From March 25 till April 30, 2010, Ayyam gallery Damascus will proudly present the solo exhibition of artist Asma Fayoumi. A long established female painter who is based in Damascus, Fayoumi has been crucial to the development of Syrian art for over four decades. Her upcoming show with Ayyam will reaffirm her importance to the regional art scene with an exciting new body of work.
Born in Amman, Jordan in 1943, Fayoumi graduated from the Faculty of Fine Arts in Damascus. Her formative years as a painter were spent in the 1960s with the emergence of a particular school of abstraction that was lead by the Italian artist and instructor Guido La Regina. Working alongside her fellow students Assad Arabi, Faek Dahdouh and Sakhed Farzat, her painting style was fashioned at one of the most crucial times in the Arab art scene—when modernist schools first displayed evidence of a gradual transition into contemporary modes of representation and a charged political climate urged Middle Eastern culture to take up the call for social change. Amidst this dramatic chain of events, she worked closely with pioneering Syrian impressionist Nassir Chaura and prominent hard-edge painter Mahmoud Hammad, influences that are evident in her early work. A well-received solo exhibition in Damascus in 1966 launched her career, as it created a significant buzz. Since then she has been featured in countless solo and group exhibitions both at home and abroad.

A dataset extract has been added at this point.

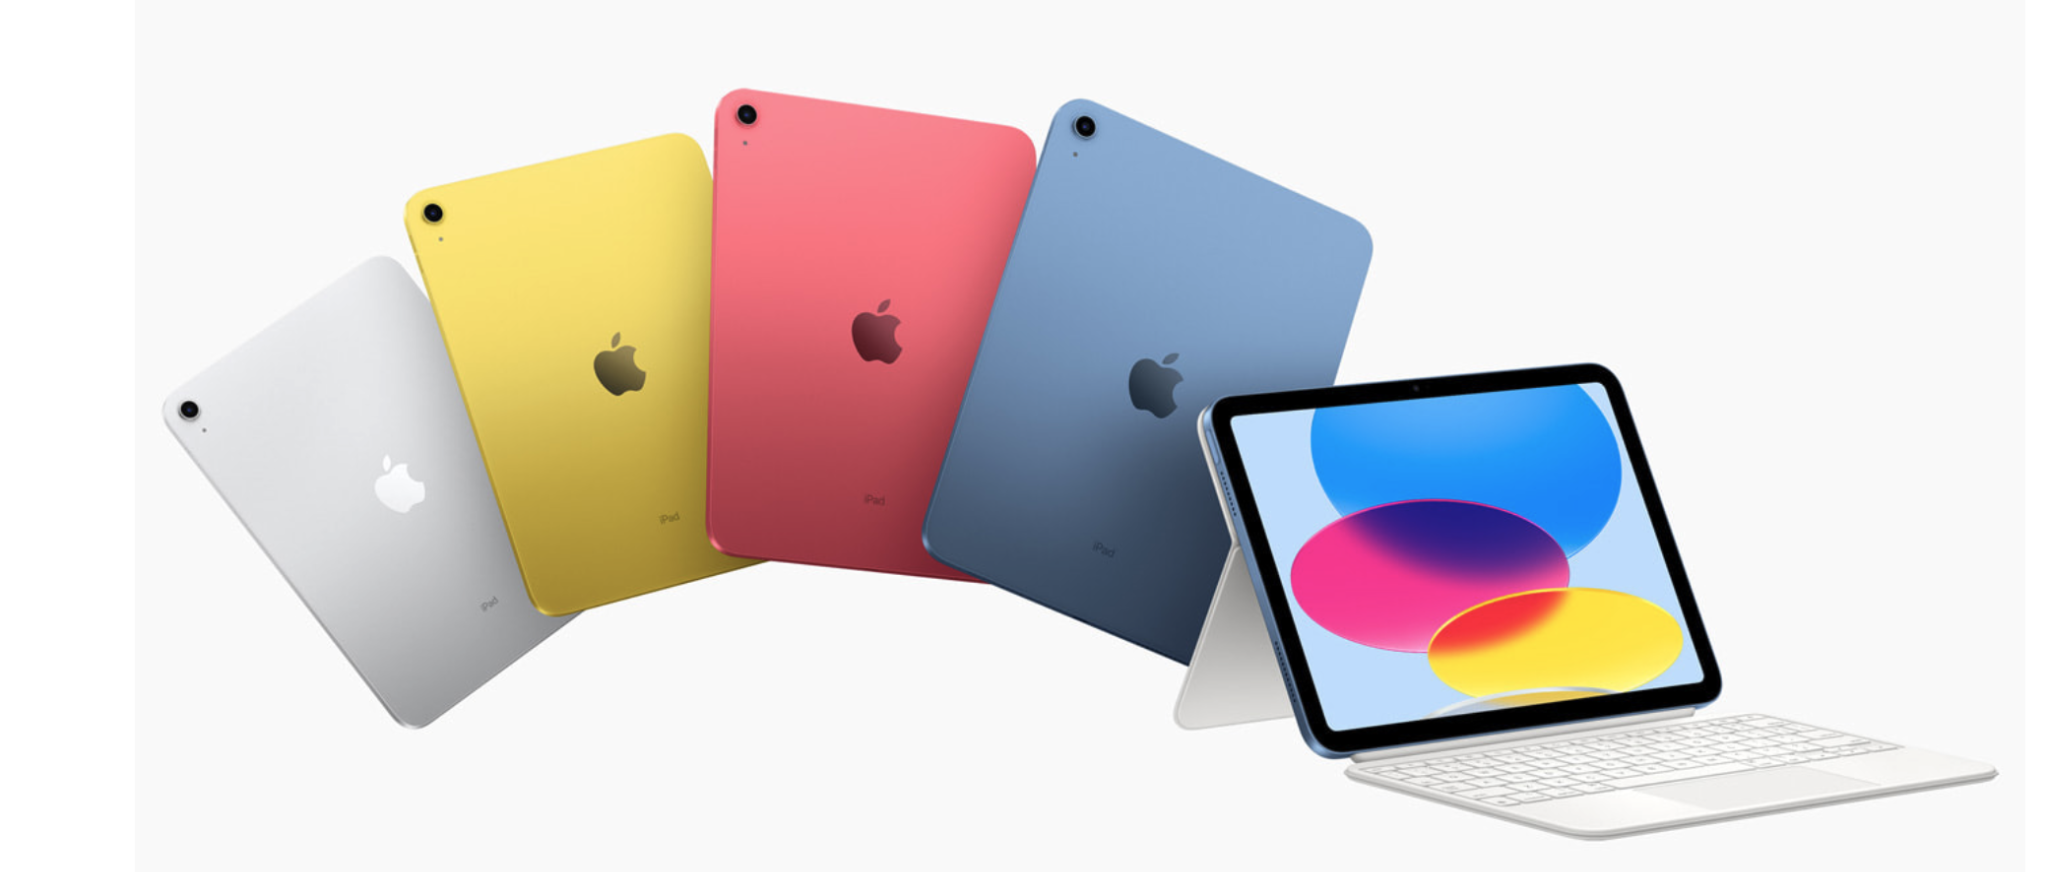 Say Hello to the Colorful New iPad

Although she has depicted a variety of topics, including mythological themes and grave issues such as war, Fayoumi has remained consistent in the execution of her canvases. Rapid brushstrokes and layered paint reflect a certain freedom—a confidence that has been obtained through years of perfecting her craft. Traces of cubism appear in the outlines of her figures, yet seemingly spontaneous markings give an expressionist feel, demonstrating the many ways in which her work has traversed several international styles. This sophisticated combination of design and application of medium gives the impression of movement, as though the artist has captured subjects who are caught in motion. As a result, the narratives found in Fayoumi's paintings are not only steeped in meaning, they exude an overwhelming sense of energy. A muted palette that is often accentuated by white and grey hues places the focus on her brushstrokes while isolating sections of the composition and emphasizing the emotive qualities of her figures.
A recent series comprised of several large acrylic on canvas works extends her continued interest in depicting the world around her. Not shying away from difficult subjects, a number of these new compositions show oversized forms that are surrounded by whirlwinds of color, as though engulfed by an insurmountable force. Solemn women come to characterize the state of mankind, as tragedy continues to unfold across the globe. Following in a tradition that dates backs to early Arab modernism in which political struggles for independence or the assertion of national identities were often articulated with women as symbolic representations of a people, it's as though Fayoumi's work has come full circle, returning to the powerful signifiers that first established her as one of the region's most intuitive observers.